On balance I find this book to be extremely important–one that liberals as well as conservative must read. It stresses the role of family as an antidote to gangs (something Lee Kuan Yew of Singapore champions constantly, and the Chinese generally have understood for centuries). The author also criticizes modern education for presenting “finished” or ideal concepts, and not providing the students with the life experience to learn the hard way that life is about compromise, trade-offs, partial satisfaction, etcetera. He ends by celebrating creative destruction and the value of commitment, including blind faith commitment when crunch time comes and one has to be obedient to the leaders we have trusted with our survival.

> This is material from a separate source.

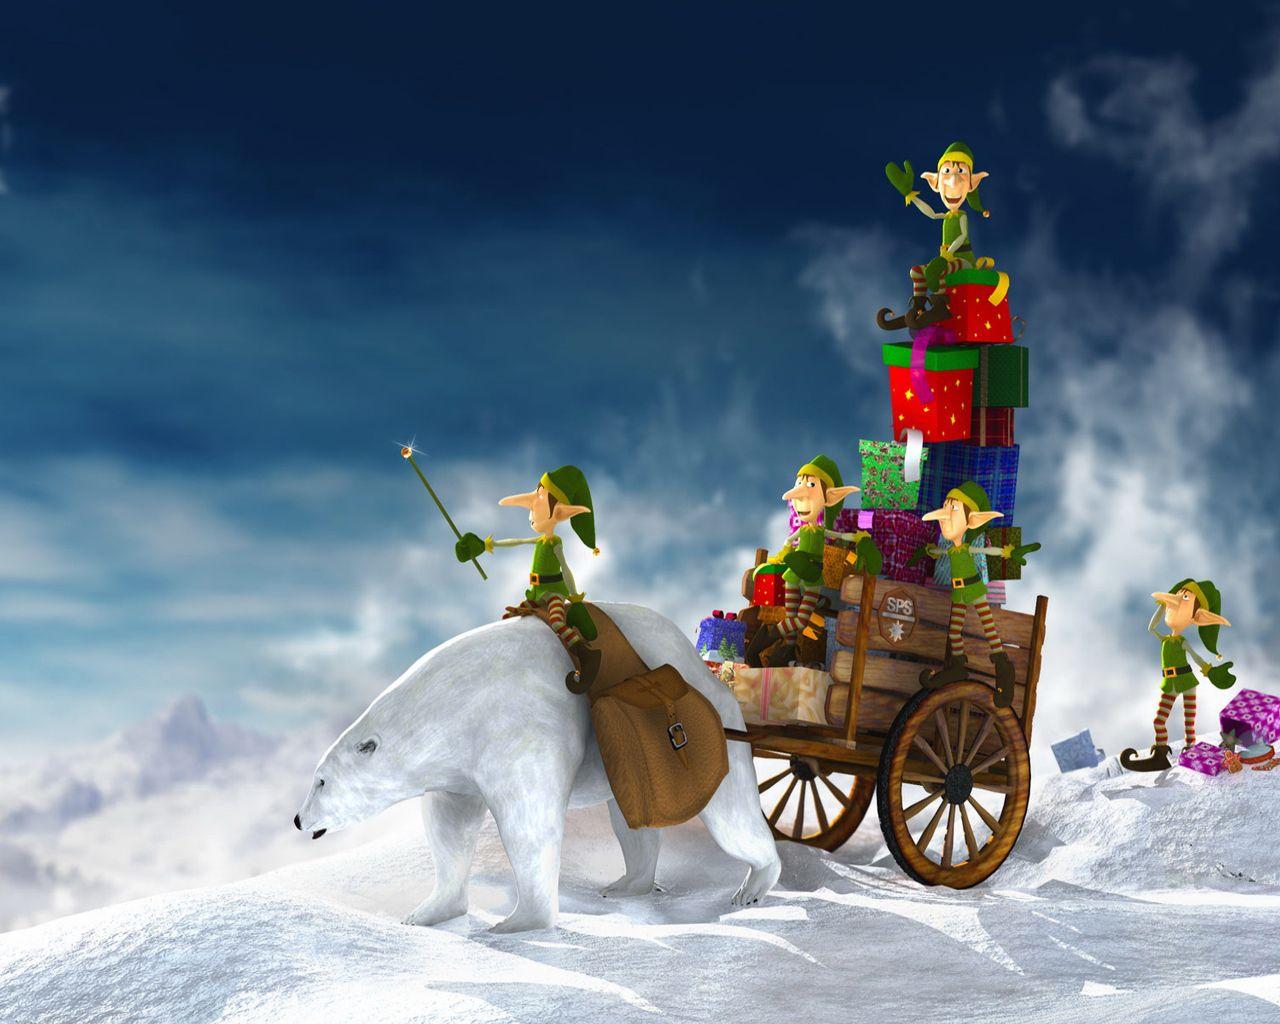 3D Animated Christmas Desktop Wallpaper. Some more collection is
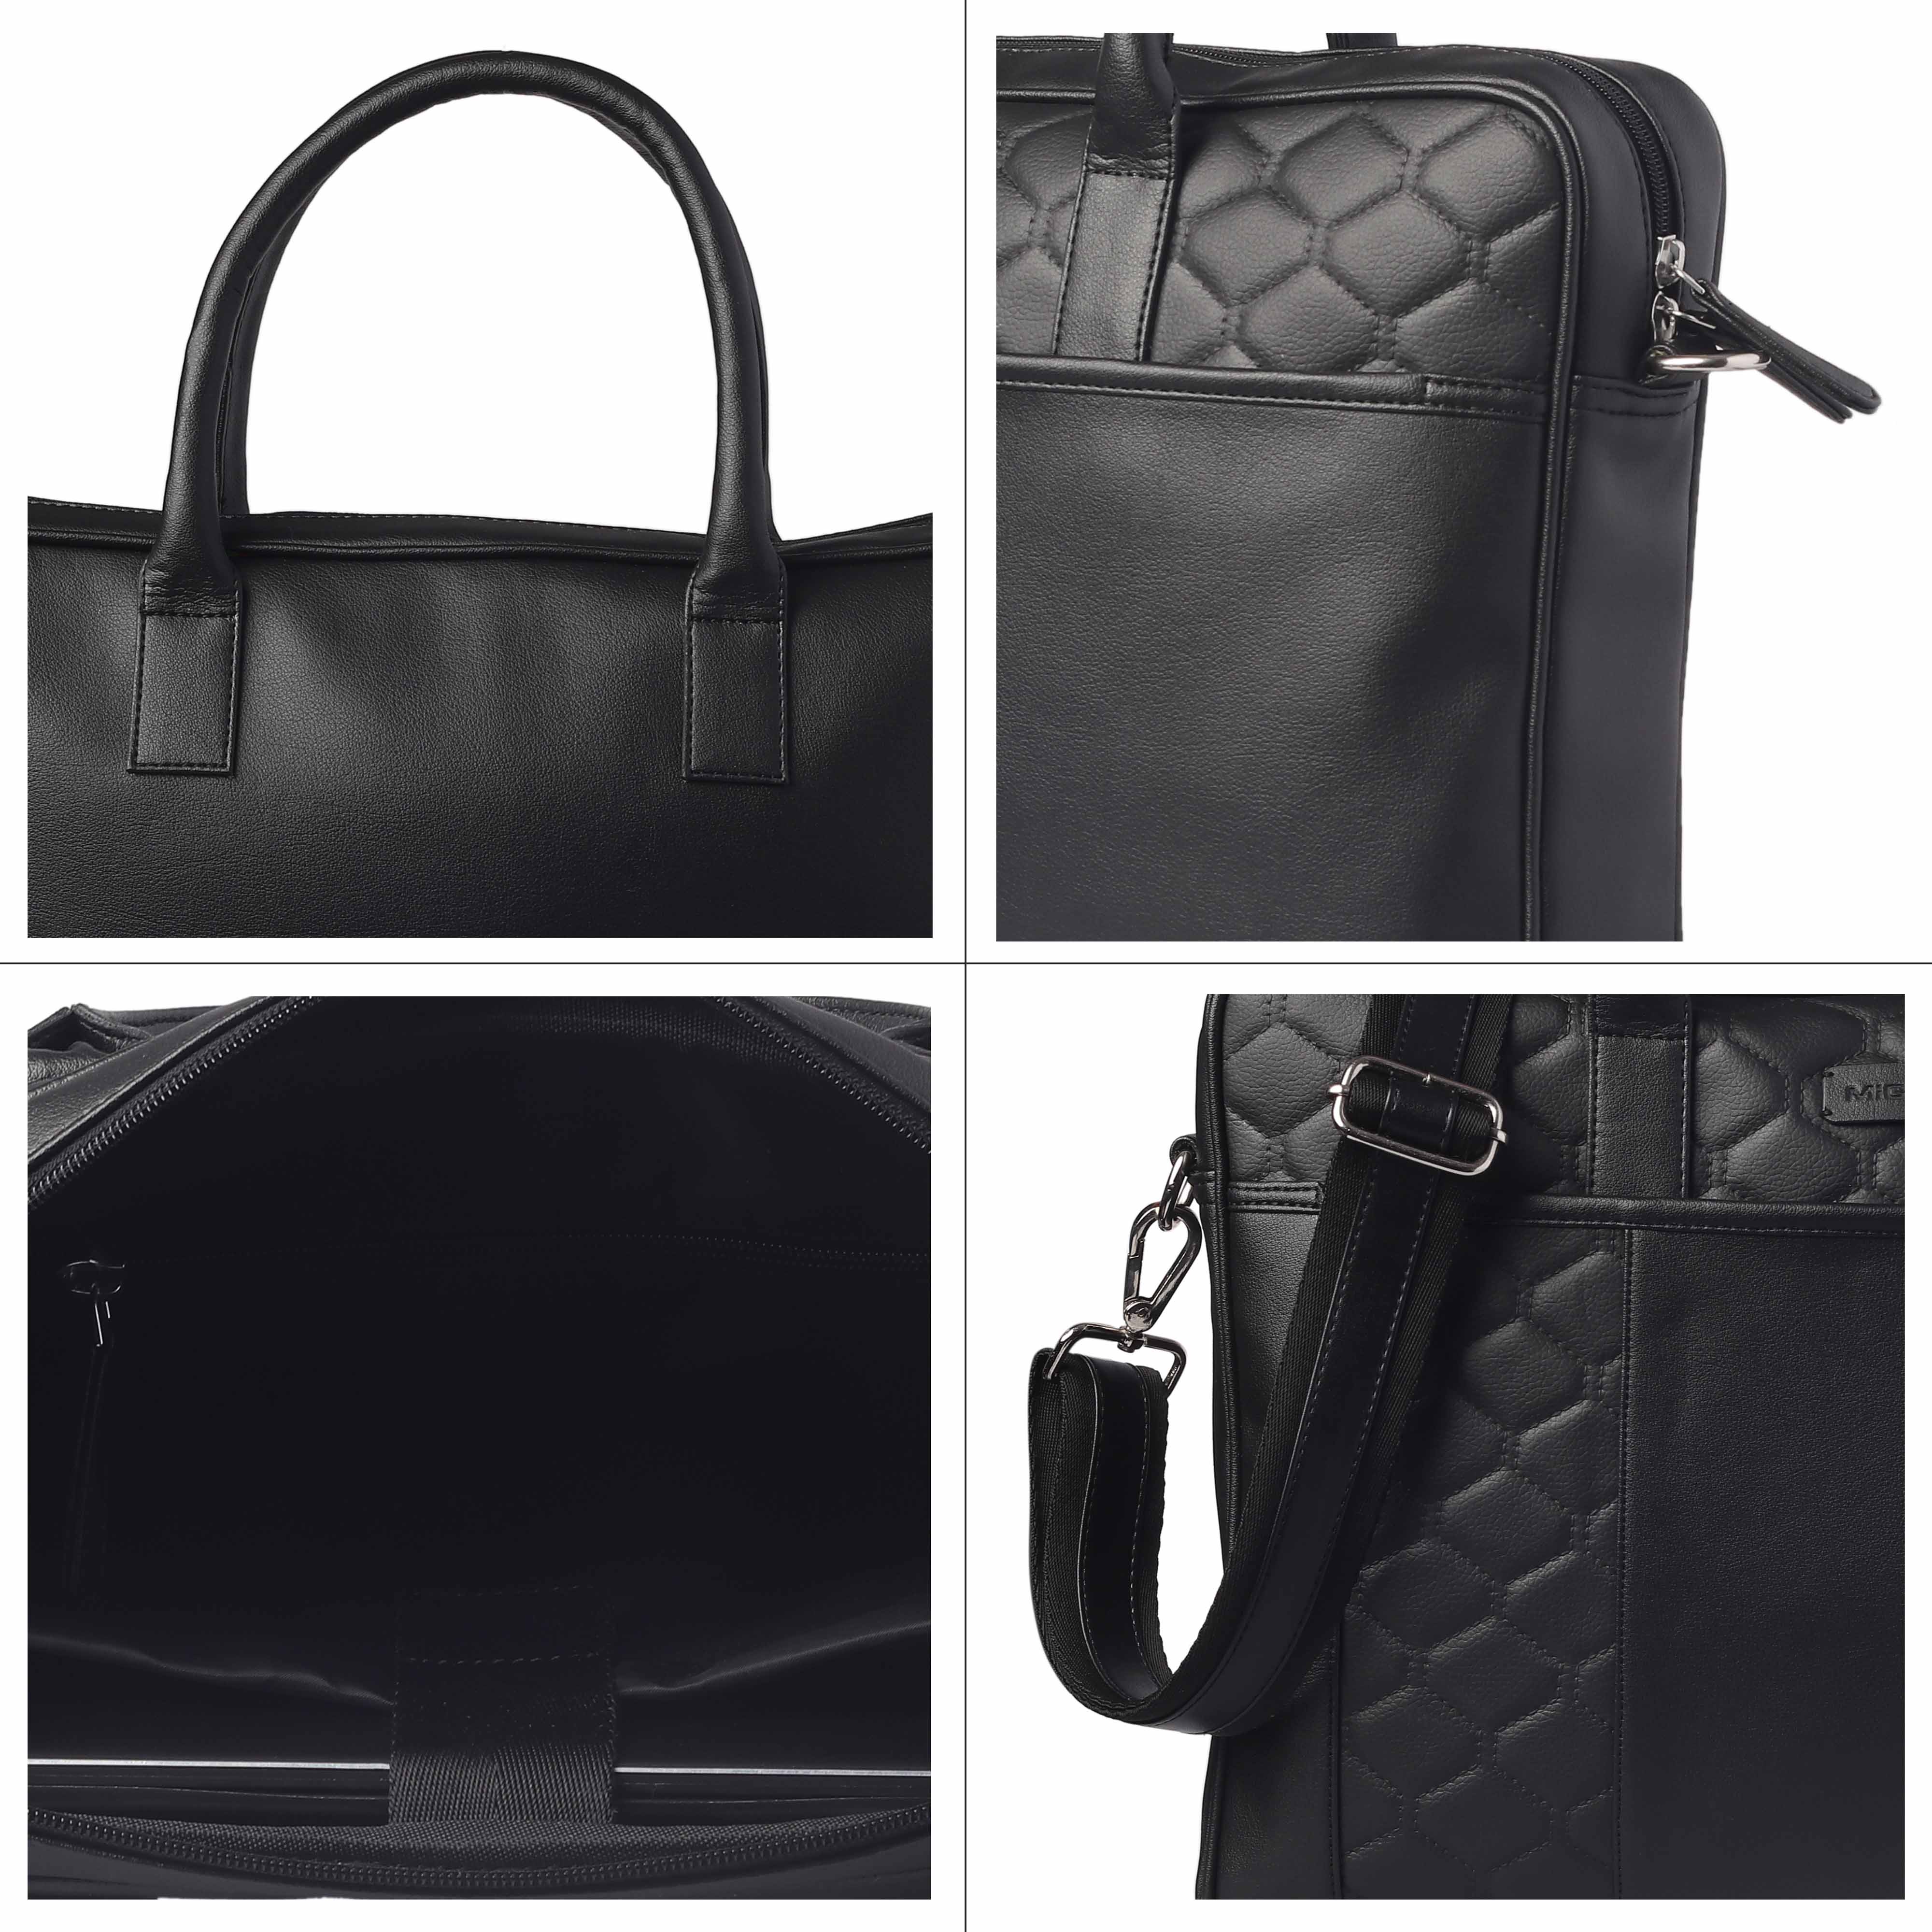 The Runway Quilted Laptop Bag

I value what this author has done. I take from this work three goals for the future:
1) We must reconstitute our society as a fit society with a warrior ethic and an inclination to study the outside world, not simply retreat into drugs/alcohol and sedative soap operas;
2) We must, as a society, agree that ruthlessness and the will to fight to the death matters, when faced by enemies that have no thought of compromise and have demonstrated by suicide that they are more than willing to do so themselves; and
3) We must–this is the part the author does not cover (see my lists for books that do)–formulate a grand strategy, a sustainable grand strategy, for addressing the 20 global problems that J.F. Rischard has identified, so as to prevent those problems from spawning more terrorists and sending our way more plagues, more illegal immigrants, more criminals.
This book is easily one of 25 books that I would recommend to every American and to most foreigners.